Omar: You still don't get it, do you? This ain't about your money, bro. Your boy gave you up. That's right. And we ain't had to torture his ass neither!
[Stringer is silent, realizing both men have come for retribution]
Stringer: [ruefully] Well it seem like... I can't say nuttin' to change y'all minds.
[long silence]
Stringer: Well, get on with it, motherfu...
[Omar and Mouzone shoot him to death]

TV Show: The Wire
Slim Charles: Don't matter who did what to who at this point. Fact is, we went to war and there ain't no turnin' back. I mean, shit, it's what war is, you know? Once you in it, you in it. If it's a lie, then we fight on that lie. But we gotta fight.

TV Show: The Wire
Carver: Okay, so let's try this again. I say, "Have a good evening, Mr. Broadus!"
Bodie: And a good evening to you, Sgt. Carver.
Carver: See.
Bodie: And a VERY good evening to you, Officer Collichio!
Colicchio: Fuck yourself with a 40, shit-breath.

TV Show: The Wire
Snoop: God-dayumn.
Salesman: I see you’ve got the DeWalt cordless. [pause] Your nailgun. DeWalt four-ten.
Snoop: Yeah. Trouble is, ya leave it in the truck for a while, and need to step up and use da bitch, da battery don’t hold up, ya know?
Salesman: Yeah. Cordless'll do that. You might want to consider the powder-actuated tool. The Hilti DX460MX or the Simpson PTP. These two are my Cadillacs. Everything else on this board is second best, sorry to say.

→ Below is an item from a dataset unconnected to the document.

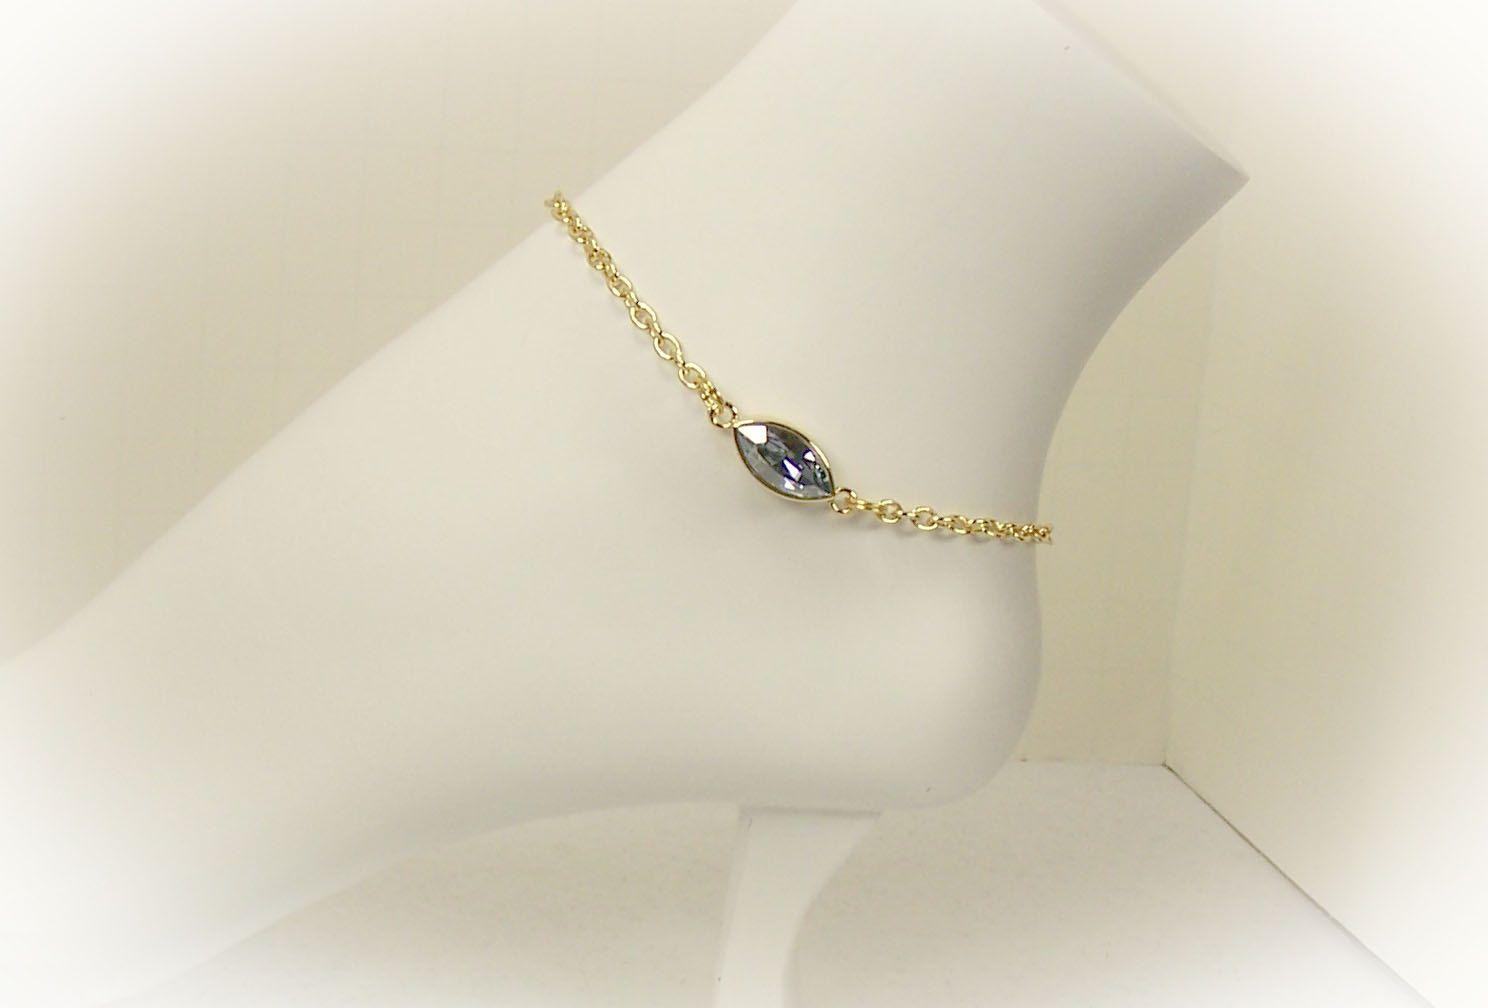 Crystal Anklet Ankle Bracelet Gold Anklet With Blue Shade Swarovski

Are you contracting or just doing some work around the house?
Snoop: Nah, we work all over.
Salesman: Full time?
Snoop: Nah, we had about five jobs last month.

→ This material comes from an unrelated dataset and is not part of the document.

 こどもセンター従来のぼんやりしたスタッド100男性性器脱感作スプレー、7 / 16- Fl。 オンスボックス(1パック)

Salesman: At that rate, the cost of the powder actuated gun justifies itself.
Snoop: You say ‘power’?
Salesman: Powder.
Snoop: Like gunpowder.
Salesman: Yeah. The DX460 is fully automatic, with a 27 caliber charge. Wood, concrete, steel to steel, she’ll throw a fastener into anything. And for my money, she handles recoil better than the Simpson or the P3500. You understand what I mean by recoil?

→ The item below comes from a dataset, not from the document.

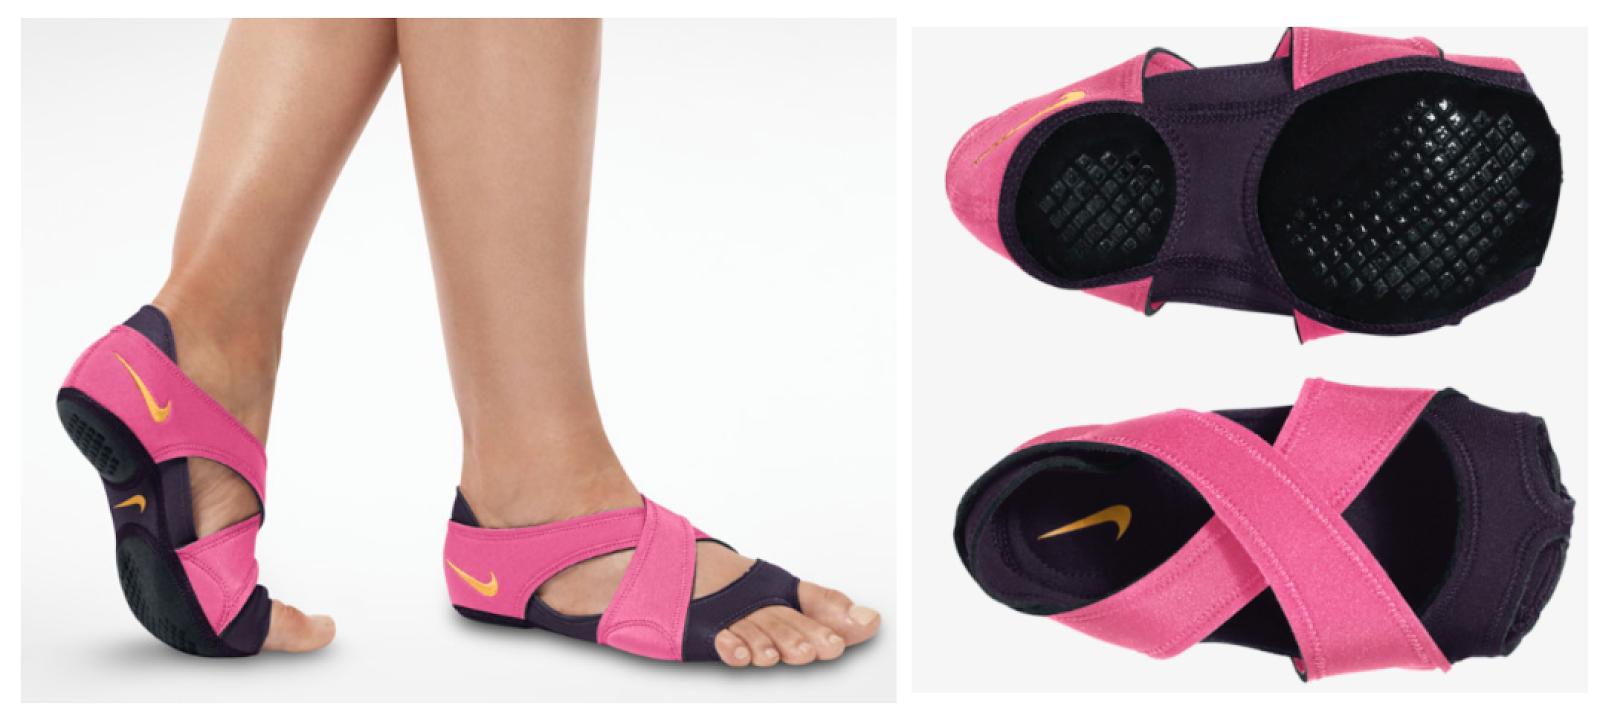 Ladies Shoes Online Wholesale

Snoop: Yeah. The kickback. I’m wit cha.
Salesman: That’s right.
Snoop: 27 caliber, huh?
Salesman: Not large ballistically, but for driving nails, its enough. Any more and you’d add to the recoil.
Snoop: Aw shit, I seen a tiny ass .22 round nose drop a nigga plenty a days, man. Motherfuckers get up in ya like a pinball, rip your ass up. Big joints though? Most the time they just break a bone and they just say “fuck it.” I’ma go with this right here, man. How much do I owe you?
Salesman: Six-sixty-nine, plus tax.
[Snoop counts out money]
Salesman: No no, just pay at the register.
Snoop: No man you handle that for me, and keep the rest for your time.